This is probably pretty easy but I'm stumped:

[ QUOTE ]
Use the formal definition of limit to find the derivative of f(x)=2/3x.

Begin by writing the formal definition (involving the limit) of f'(x).

[/ QUOTE ]

Here's what I've been doing:

f'(x)=lim [f(x+h) - f(x)]/h
h->0

=lim [(2/3(x+h))-(2/3x)]/h
h->0

=lim (2/3h(x+h))-(2/3xh)
h->0

=lim (2/h)(1/(x+h)-(1/x))
h->0

Then it's indeterminate and I dont know what to do.

Any help appreciated /images/graemlins/smile.gif.

[ QUOTE ]
This is probably pretty easy but I'm stumped:

[ QUOTE ]
Use the formal definition of limit to find the derivative of f(x)=2/3x.

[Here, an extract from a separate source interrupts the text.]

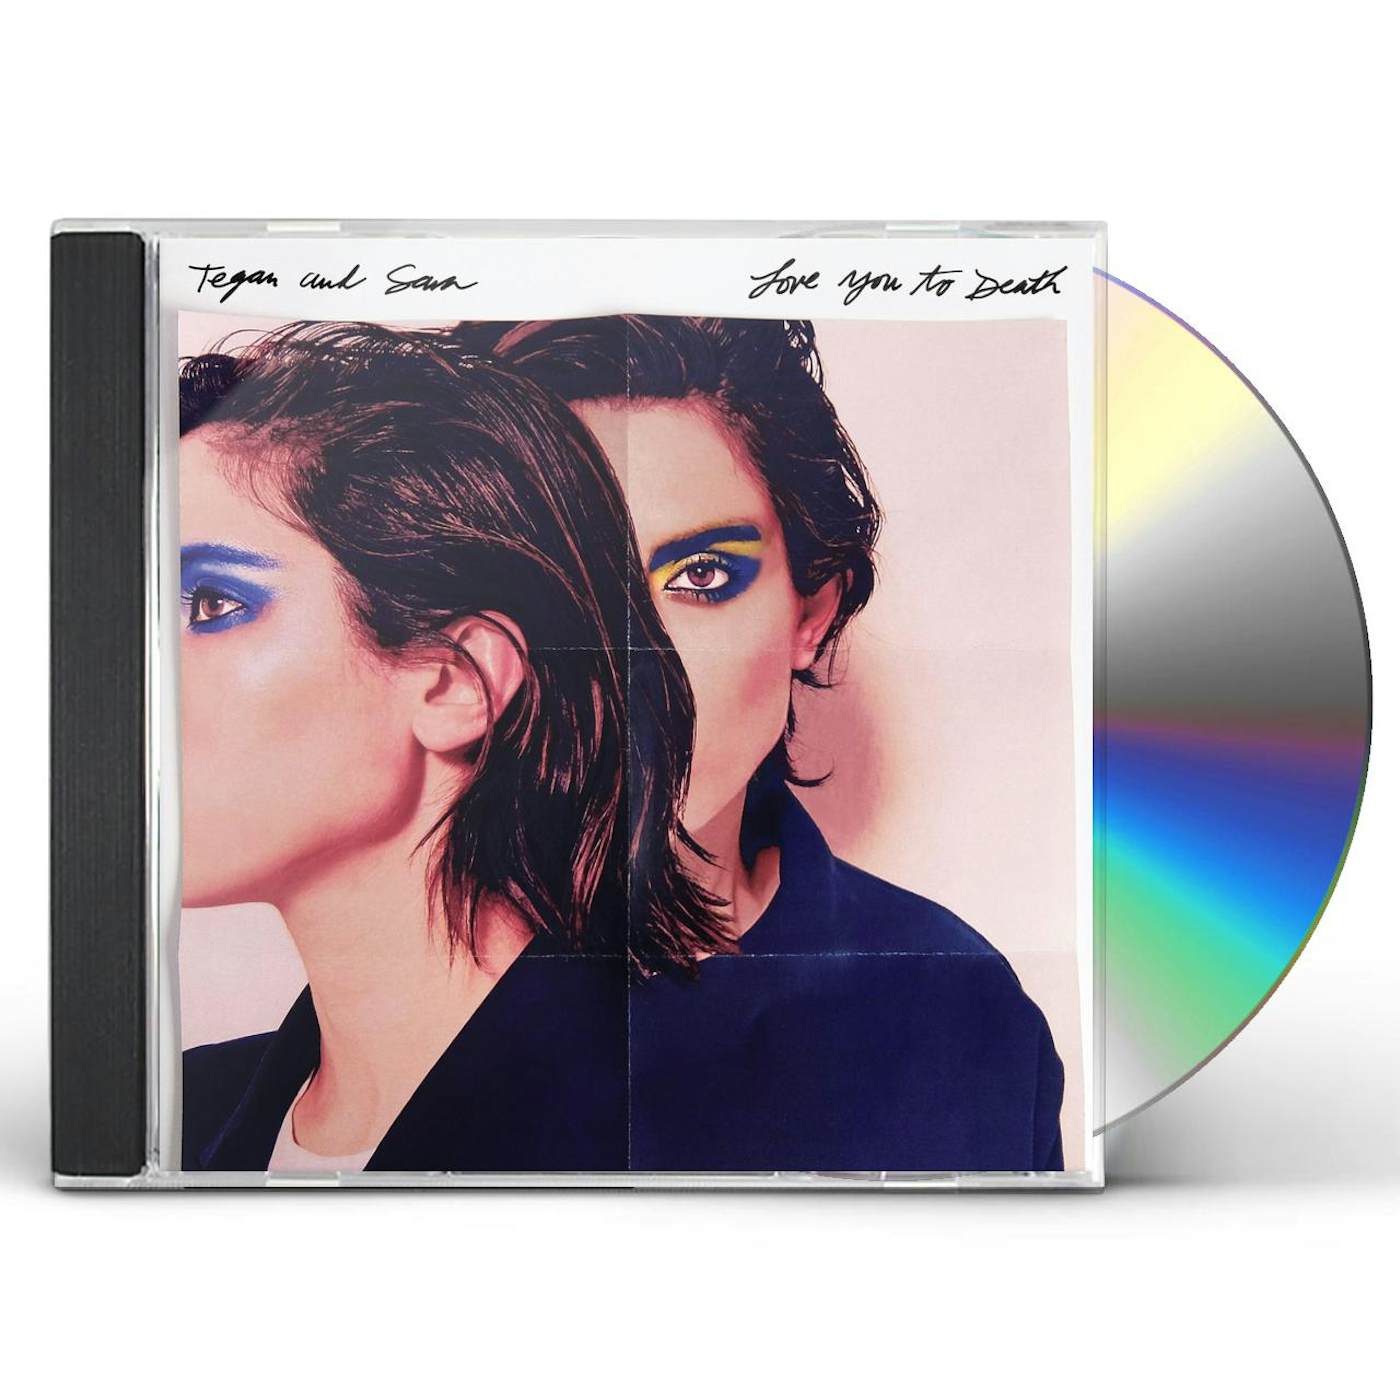 Tegan and Sara LOVE YOU TO DEATH CD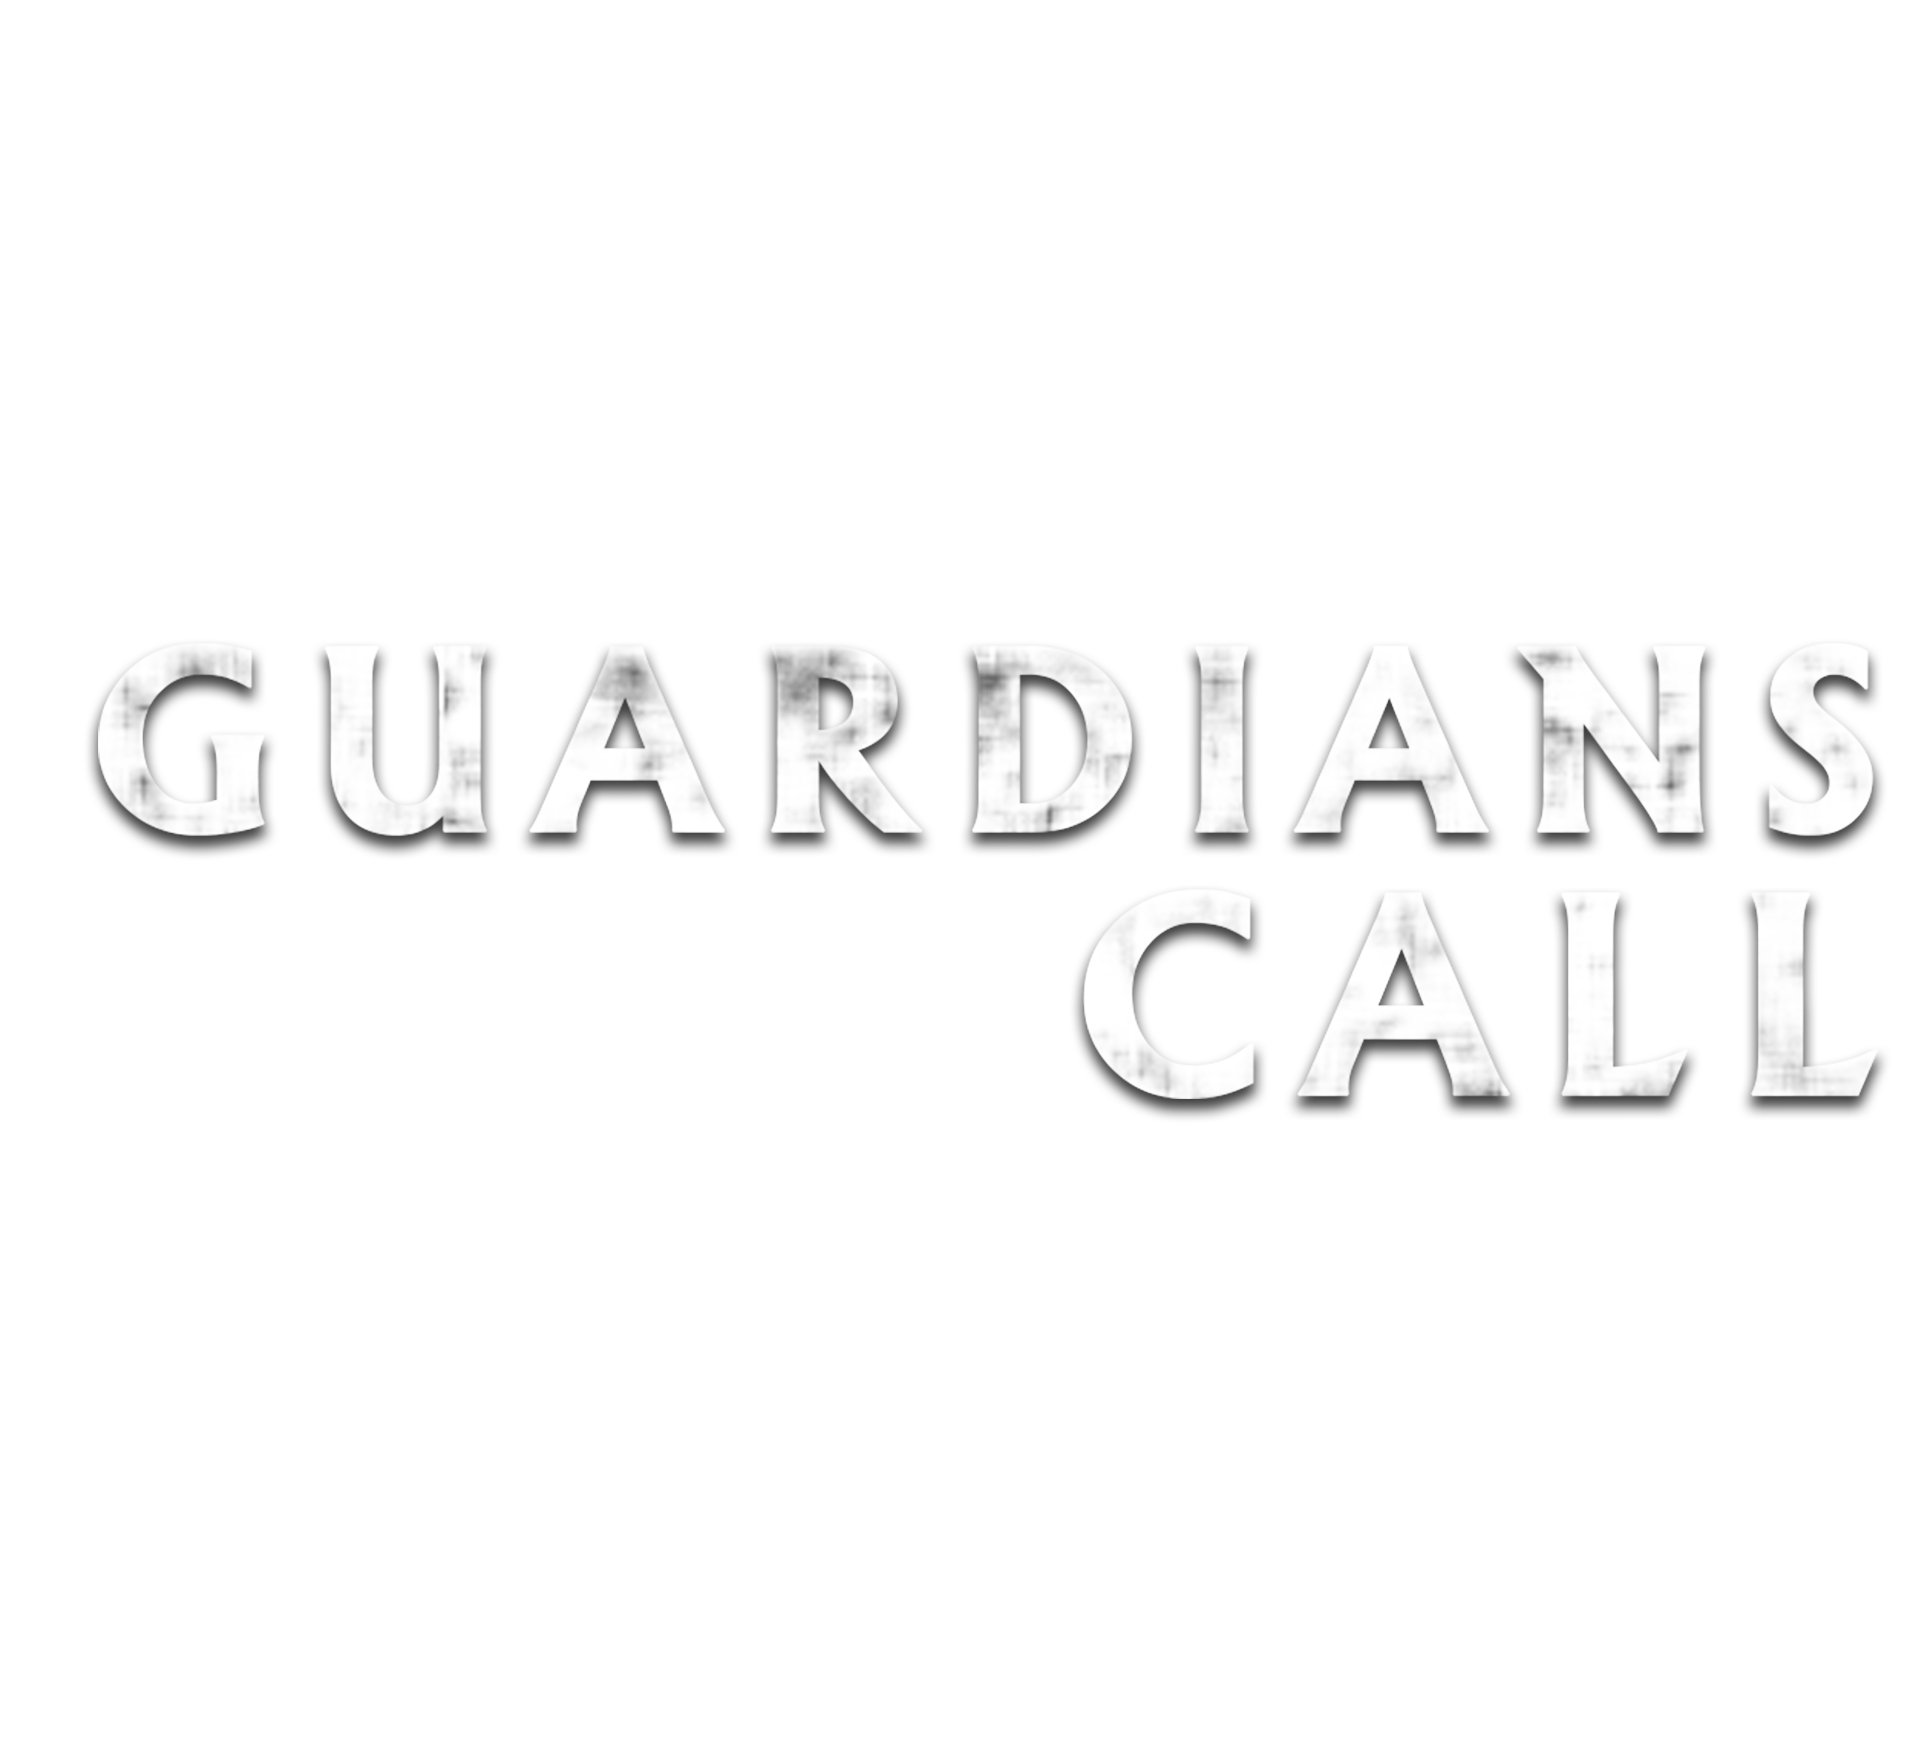 GUARDIANS CALL

Begin by writing the formal definition (involving the limit) of f'(x).

[/ QUOTE ]

Here's what I've been doing:

f'(x)=lim [f(x+h) - f(x)]/h
h->0

=lim [(2/3(x+h))-(2/3x)]/h
h->0

=lim (2/3h(x+h))-(2/3xh)
h->0

=lim (2/h)(1/(x+h)-(1/x))
h->0

Then it's indeterminate and I dont know what to do.

Any help appreciated /images/graemlins/smile.gif.

[/ QUOTE ]
f'(x) = lim [2/(3x+3h) - 2/(3x)].1/h

= lim 2/3.1/h[1/(x+h) - 1/x]

= lim 2/3.1/h[x/(x.x+h.x) - (x+h)/(x.x+h.x)]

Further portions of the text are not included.